Last night I attended Mary’s second college dance recital,modern, jazz and ballet. It was beautiful, joyous and a whole lot of fun. As we drove back to Hot Springs I thought about the athleticism of the evening. Then of course, I started thinking about our Taekwondo school.
Two years ago when our current instructor, Jim Robinson (a 53 year old sixth degree), bought out taekwondo school, I thought it was the end of my martial arts career. For ten years, the previous owner had pushed us to be powerful and brutal.
Jim Robinson’s style was nearly the polar opposite. He insisted, even demanded, we be flexible, quick and fluid. He promised the power would come. And as he said over and over, if we weren’t quick enough to hit somebody, it didn’t matter how much power we had.
Being quick and flexible sounds like a brilliant idea unless you aren’t that way. Most of the teenagers in class are naturally quick and it was easier for them to pick up speed. For anyone over the age of 40 it’s an entirely different situation.
The running joke about my spin heel kick has been, “Yeah, it’s beautiful but you can drink a cup of coffee before it lands.”

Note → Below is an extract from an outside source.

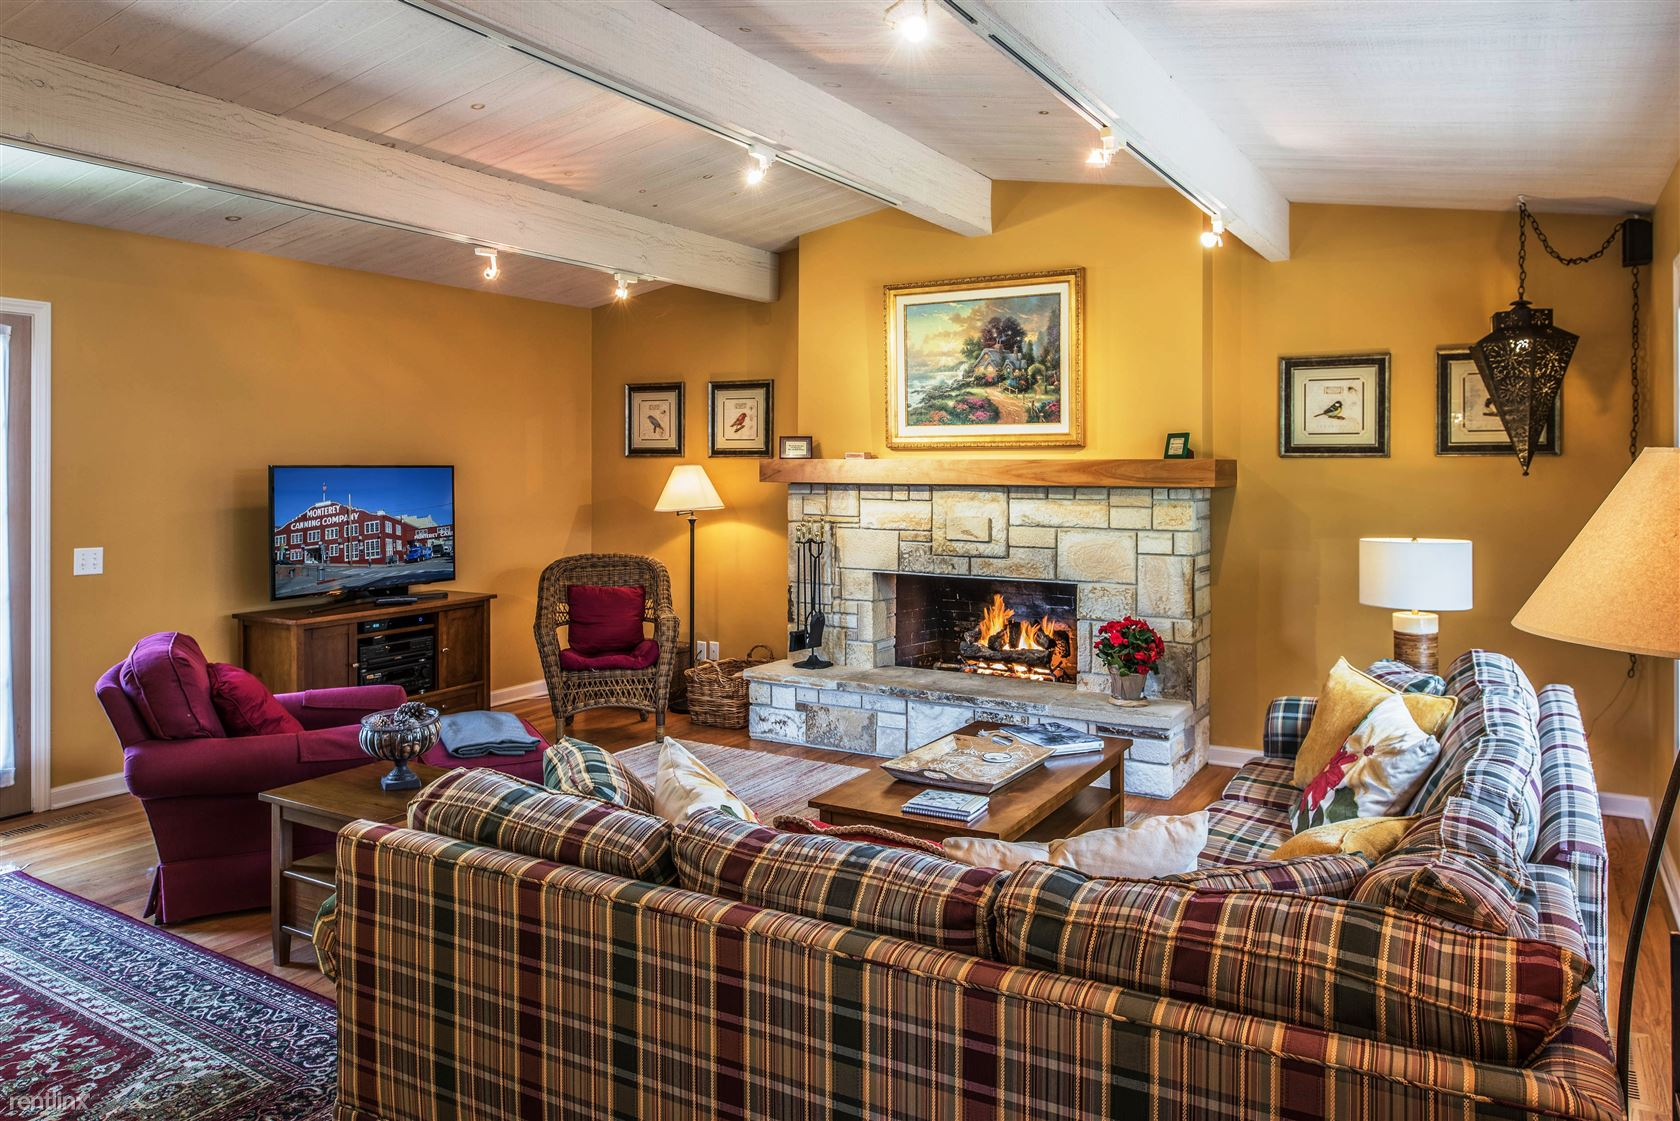 $5000 - $9000 per month , SE Corner of San Carlos and Alta, 3744 Ten Place

Though in his 50s, Jim Robinson is ridiculously quick and flexible. He’s gifted and works harder than everybody else. After watching countless martial artists, young and old, for 13 years, I’ve only seen one or two men who could match his speed. His kicks are blisteringly fast with razor like accuracy. I wanted to be just a little like him, just a little bit. But doubted that was possible.
When he demonstrated a double and triple lead leg round kick, and said that’s what he wanted from us, I think I accidentally rolled my eyes. Yes, I could kick two or three times, but it’s wasn’t fast. Pretty but slow. However I could do one thing fast, I could get really really frustrated and embarrassed. Why was I so slow and lumbering after ten or eleven years of training? Night after night I cried in the car on the way home after class like a big chicken baby cheese cake.

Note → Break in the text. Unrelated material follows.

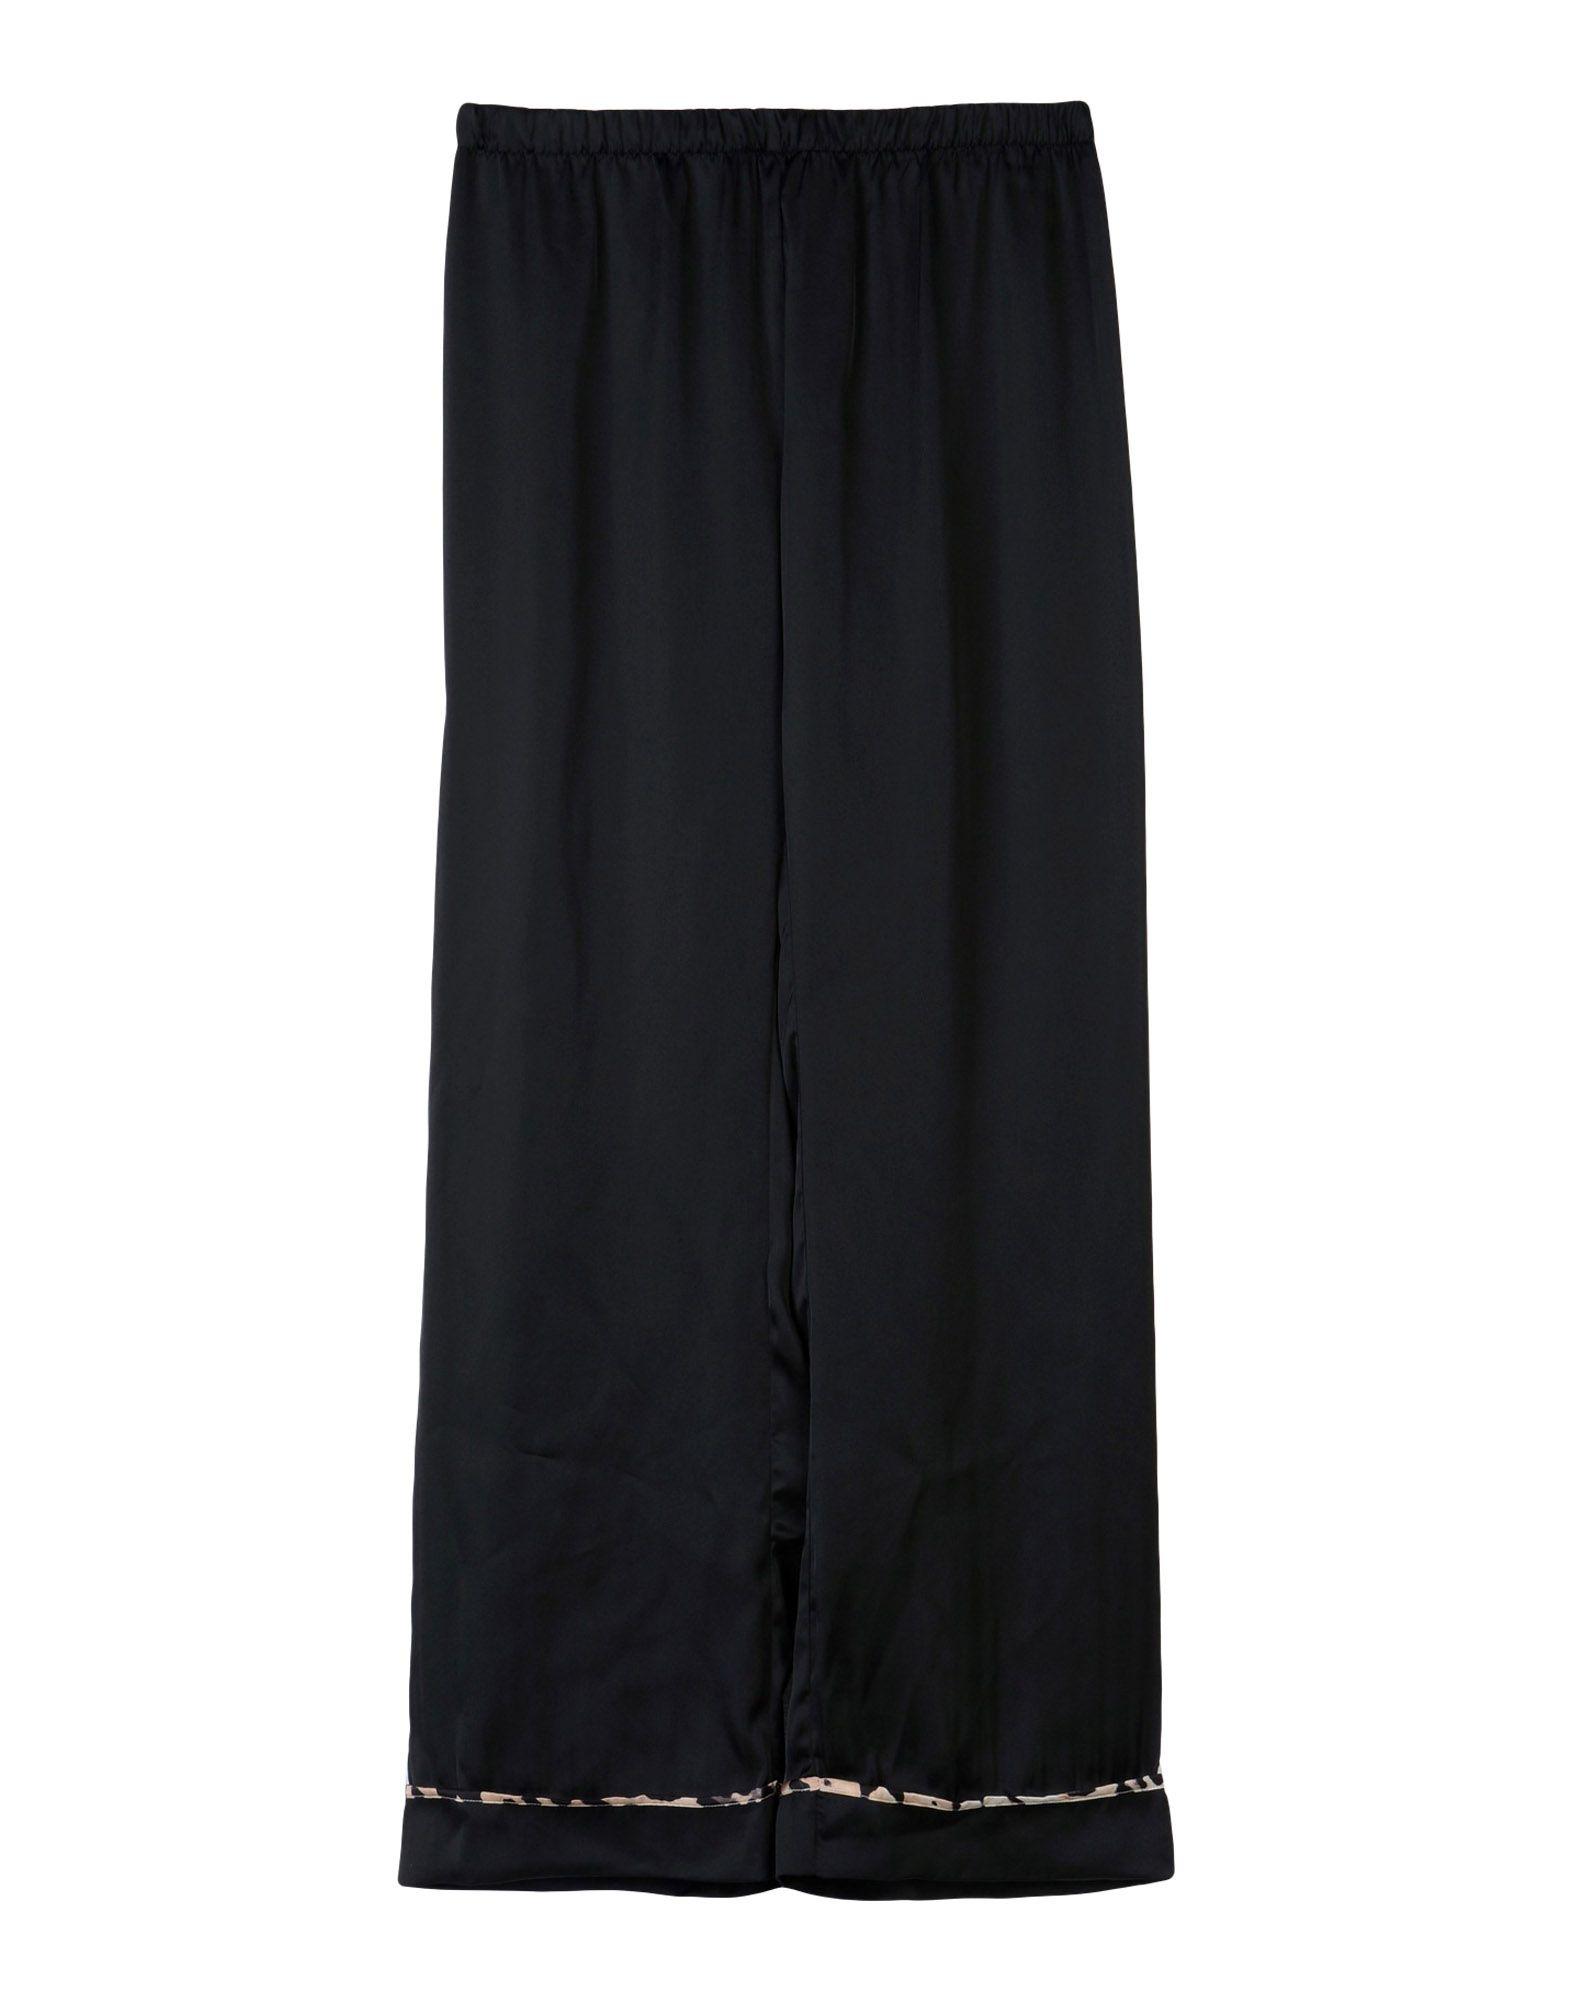 BLUGIRL BLUMARINE UNDERWEAR Sleepwear

Fast forward a year and a half.
Half a dozen times I wanted to quit but my pride and the kids wouldn’t let me, even though I was the oldest in the class by THIRTY YEARS. Night after night it’s just me and a bunch of awesome teenagers. Mr. Robinson has been pushing us all to kick fast. Kick low, kick high, kick fast.
Last week I was partnered with a sixteen year old yellow belt. Kicking drills, double round kicks, high and low, and suddenly this girl said, “whoa, you’re fast.”
“Who? Me?” I kicked again, to her knee then her face, and I smiled. Yeah, I know it’s easy to impress a yellow belt but it still felt good. There was no “blistering” speed, it wasn’t a McNeeley or Robinson kick, it wasn’t even teenaged boy fast. But my kicks were 100 percent faster than they were 18 months ago. I was stunned, I was better. How had that happened.
Everyday, I am am amazed by what we can accomplish if we simply refuse to quite. If we try to get better, at anything, we will. It’s simply a matter of showing up and trying…over and over and over again.
And it really helps if we surround ourselves with people who inspire, who push and shove and have unbreakable faith we can all get better.
The secret is you can’t quit. And as my friend Amelia says, “just try to suck a little less everyday.”